The repository provides trained models that are related to the CNN based single source localization method presented in the paper

Title: Broadband DOA estimation with convolutional neural networks trained using noise signals
Authors: Soumitro Chakrabarty, Emanuël A.P. Habets
Conference: IEEE Workshop on Applications of Signal Processing to Audio and Acoustics (WASPAA), 2017.
ArXiv version

However, there are a few differences from the acoustic and array geometry setup described in the paper. Some of the main differences that should be kept in mind before trying to run the code is as follows:

• The inter-microphone distance is 0.08 m.

• The STFT window length was modified to 512 samples, thereby giving a feature rate of 16 ms.

• The phase map dimensions are: 4x256, we exclude the lowest frequency sub-band.

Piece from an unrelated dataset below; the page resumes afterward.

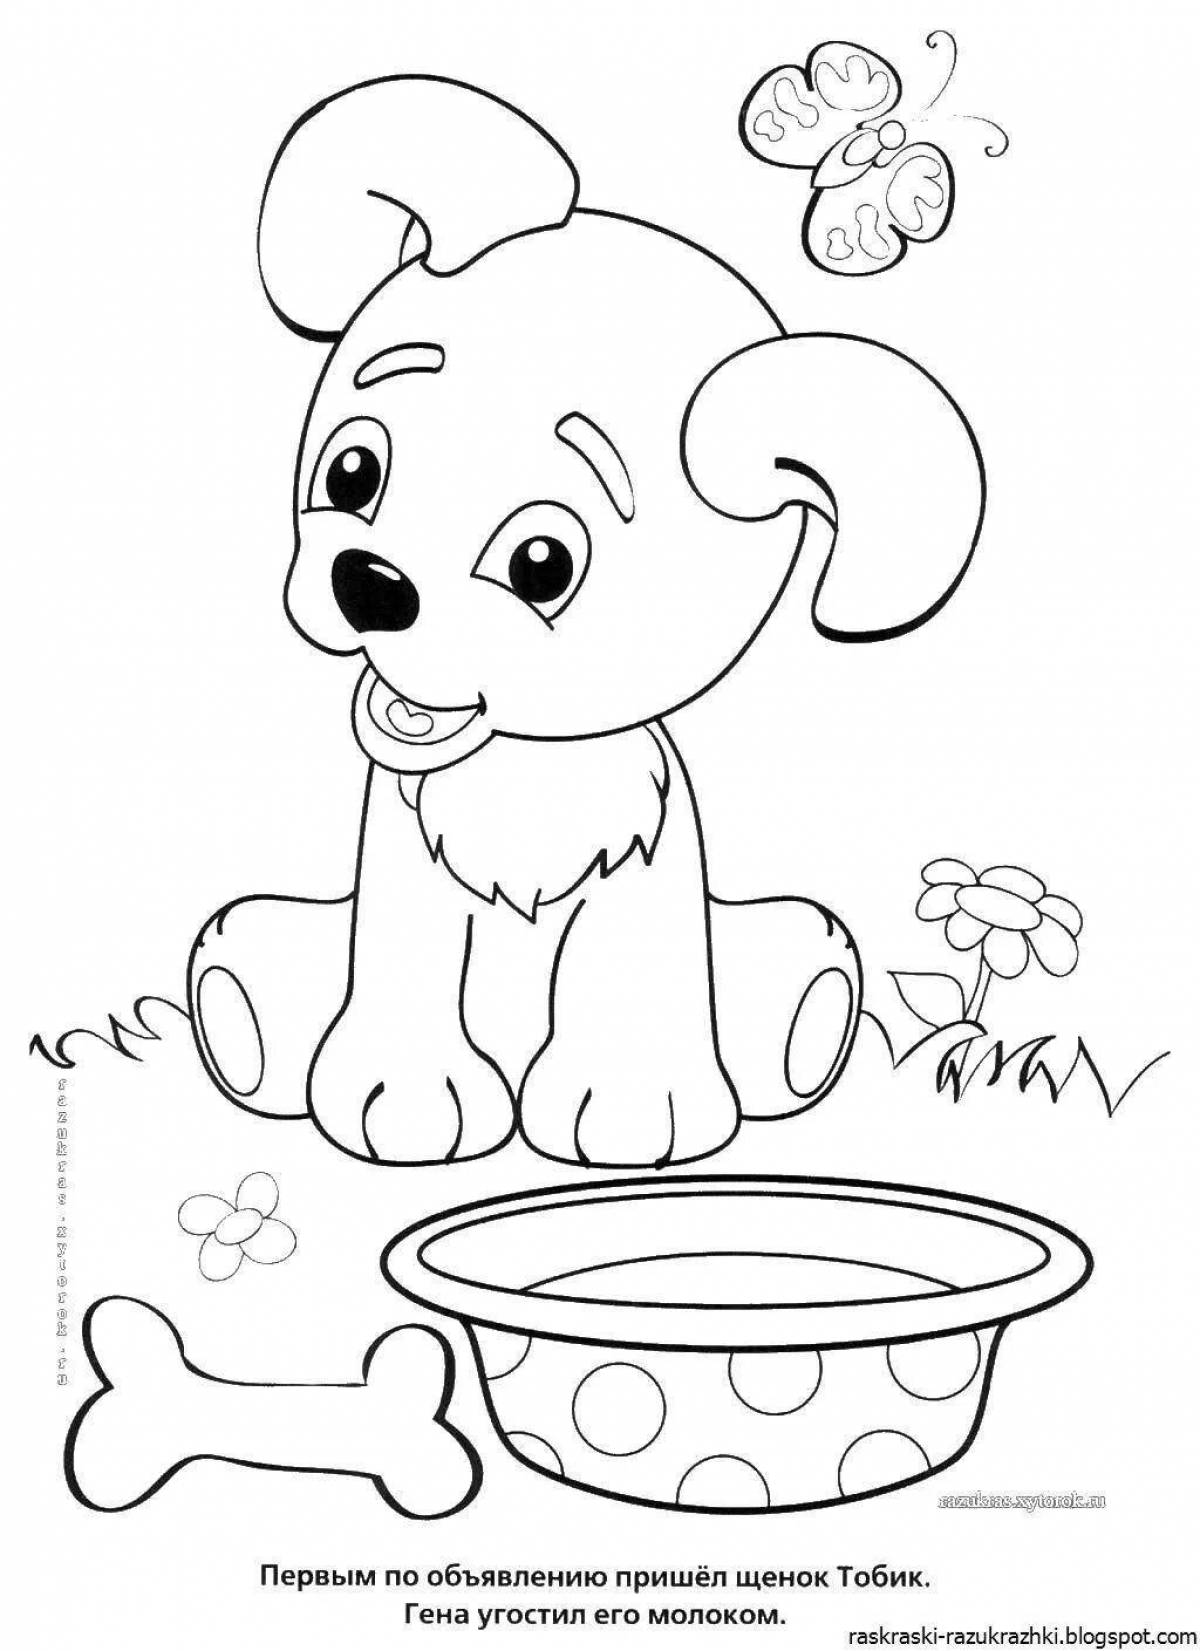 Playful dog coloring book for kids

A small test dataset, with the features (phase maps) and targets, created by convolving a 13 s long speech signal with Measured RIRs from the Bar-Ilan Multi-Channel Impulse Response Database for 9 different angles from the 4 middle microphones in the [8,8,8,8,8,8,8] ULA setup is included (DOA_test.hdf5), as well as the output .mat file (DOA_test_OP.mat).

Please note that the angle convention in the Bar-Ilan dataset is different to ours. To account for that, the original ground truth angles from the dataset were translated to our convention. The below figure shows the Bar-Ilan convention, as given in their example code. In brackets are the corresponding angles from our convention. All angles are in degrees.

      +---------------------------------------------------------+
      |                                                         |
      |  (0) 90  -1-2-3-4- mic array -5-6-7-8-  270 (180)       |
      |                                                         |
      |   (15) 75                               285 (165)       |
      |                                                         |
      |    (30) 60                             300 (150)        |
      |                                                         |
      |      (45) 45                         315 (135)          |
      |                                                         |
      |         (60) 30                   330 (120)             |     
      |               (75) 15        345 (105)                  |         
      |                     (90) 0                              |
      |                                                         |
      +---------------------------------------------------------+

Running the code would generate an output file called DOA_OP.mat and it should be the same as DOA_test_OP.mat.

In addition a MATLAB script to visualize the output is also provided.

The acoustic setup for the provided test data is as follows:

• Reverberation time = 0.610 s
• Source-array distance = 2 m
• SNR = 30 dB (Spatially white Gaussian noise)
• Fs= 16 kHz

Usage

The python dependencies can be installed by using the requirements file

pip install -r requirements.txt

You can now run the script

python cnn_test_github.py

Training data generation - Pseudo code

Generate RIRs

This pseudo-code explains the generation of RIRs for the different acoustic conditions. For the specific acoustic parameters used in this work, please refer to Table 1.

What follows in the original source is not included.